### Provided data
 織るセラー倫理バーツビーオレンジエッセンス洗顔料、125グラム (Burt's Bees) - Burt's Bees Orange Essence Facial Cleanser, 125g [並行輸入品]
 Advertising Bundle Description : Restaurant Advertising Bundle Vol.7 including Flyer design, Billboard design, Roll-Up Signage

==

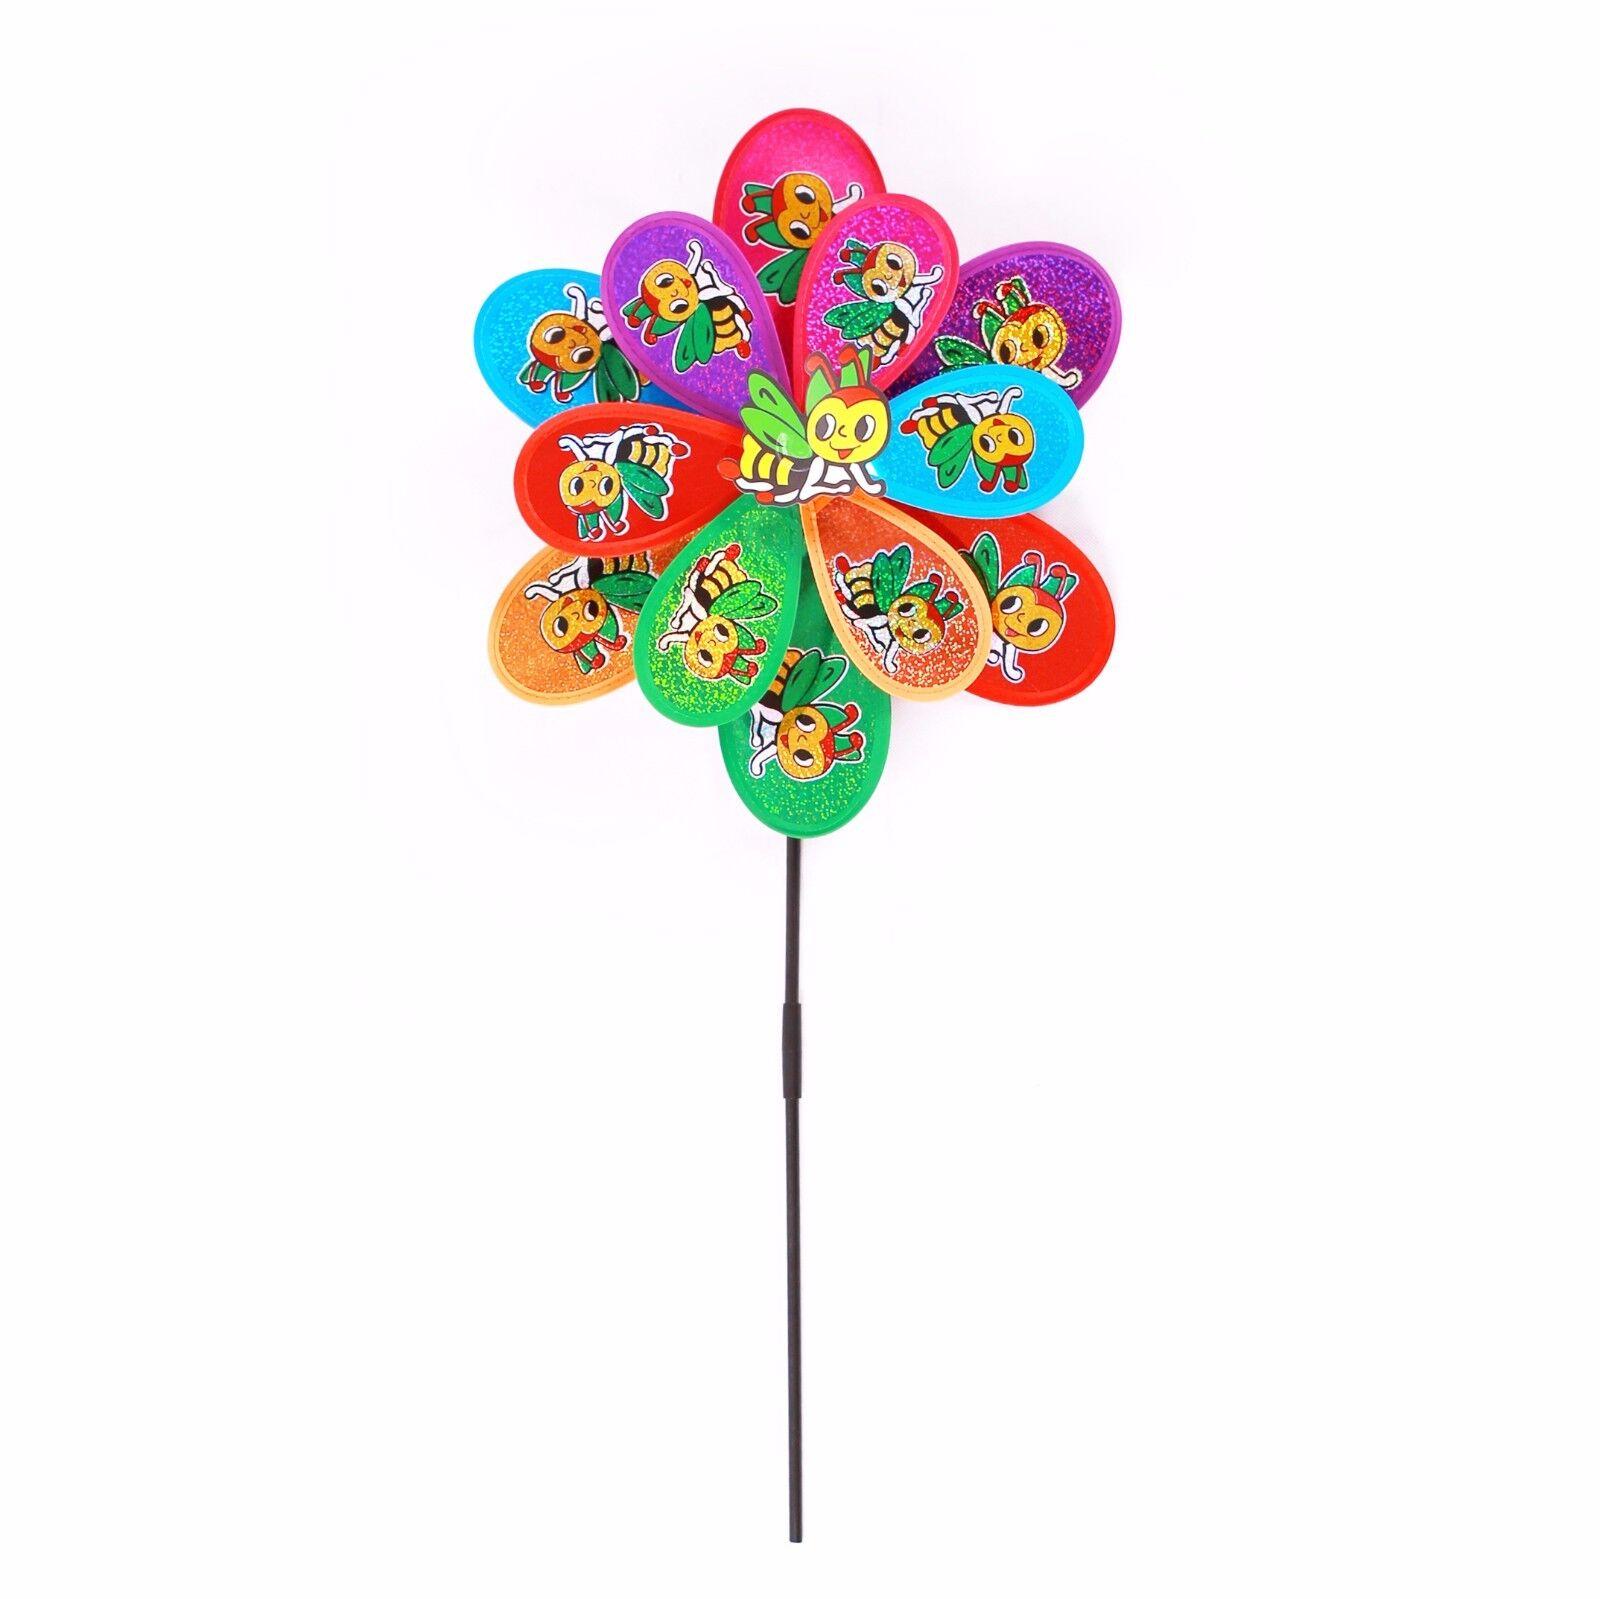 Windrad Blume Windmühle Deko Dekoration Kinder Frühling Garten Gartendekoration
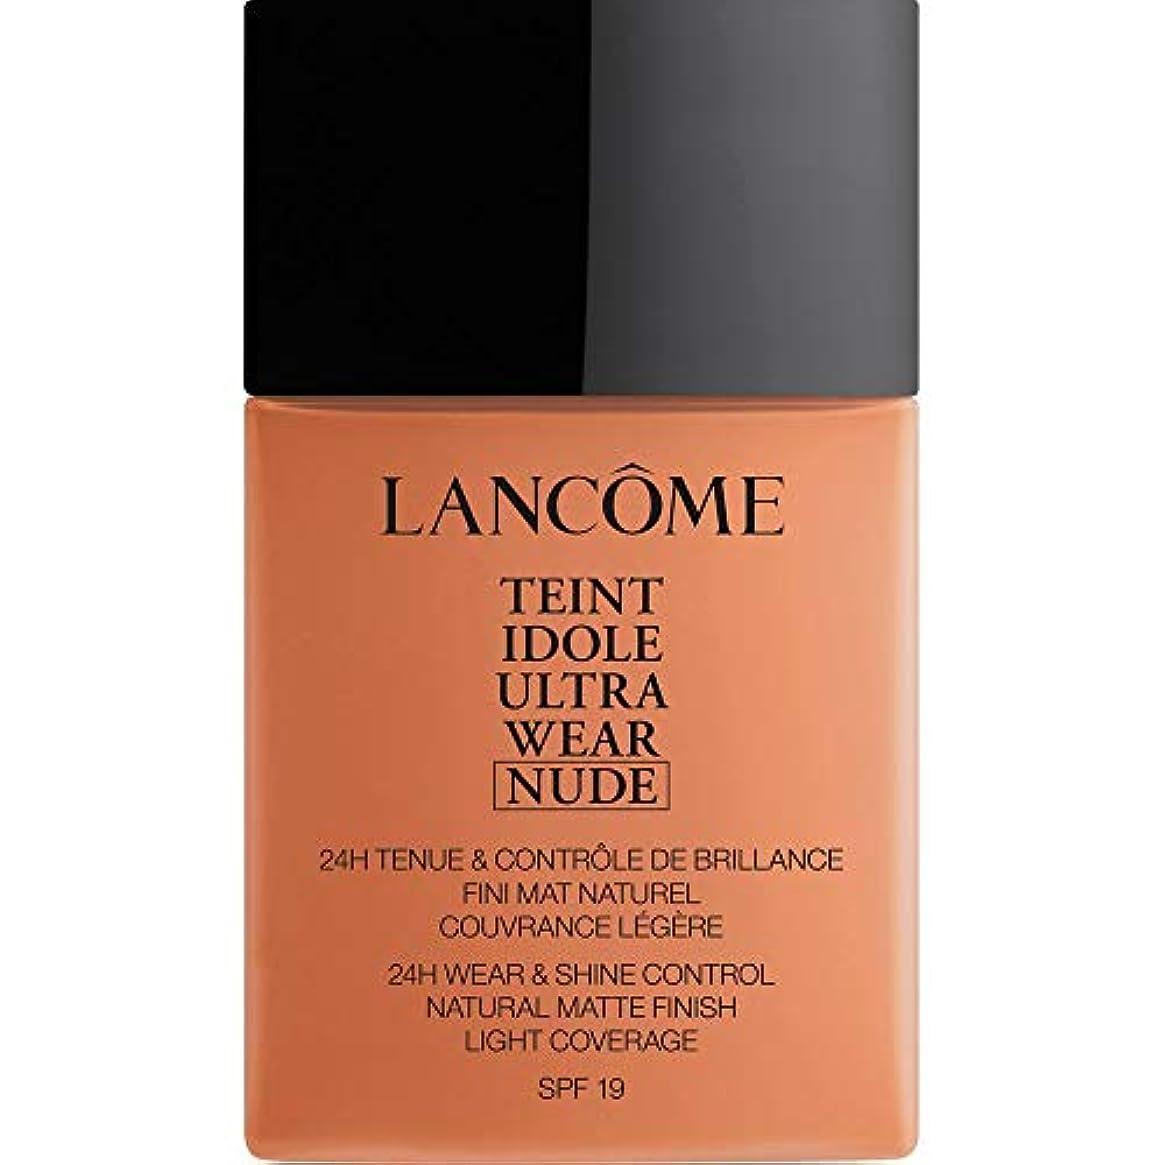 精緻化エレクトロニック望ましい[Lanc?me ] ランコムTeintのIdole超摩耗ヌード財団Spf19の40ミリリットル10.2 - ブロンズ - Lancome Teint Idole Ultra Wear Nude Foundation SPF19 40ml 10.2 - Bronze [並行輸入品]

### Description of the task
In the entries above, the lines from the one bearing "織るセラー倫理バーツビーオレンジエッセンス洗顔料、125グラム (Burt's Bees)" up to and including the one bearing "Advertising Bundle Description" should be transcribed exactly; no other line is wanted.

### Written solution
 織るセラー倫理バーツビーオレンジエッセンス洗顔料、125グラム (Burt's Bees) - Burt's Bees Orange Essence Facial Cleanser, 125g [並行輸入品]
 Advertising Bundle Description : Restaurant Advertising Bundle Vol.7 including Flyer design, Billboard design, Roll-Up Signage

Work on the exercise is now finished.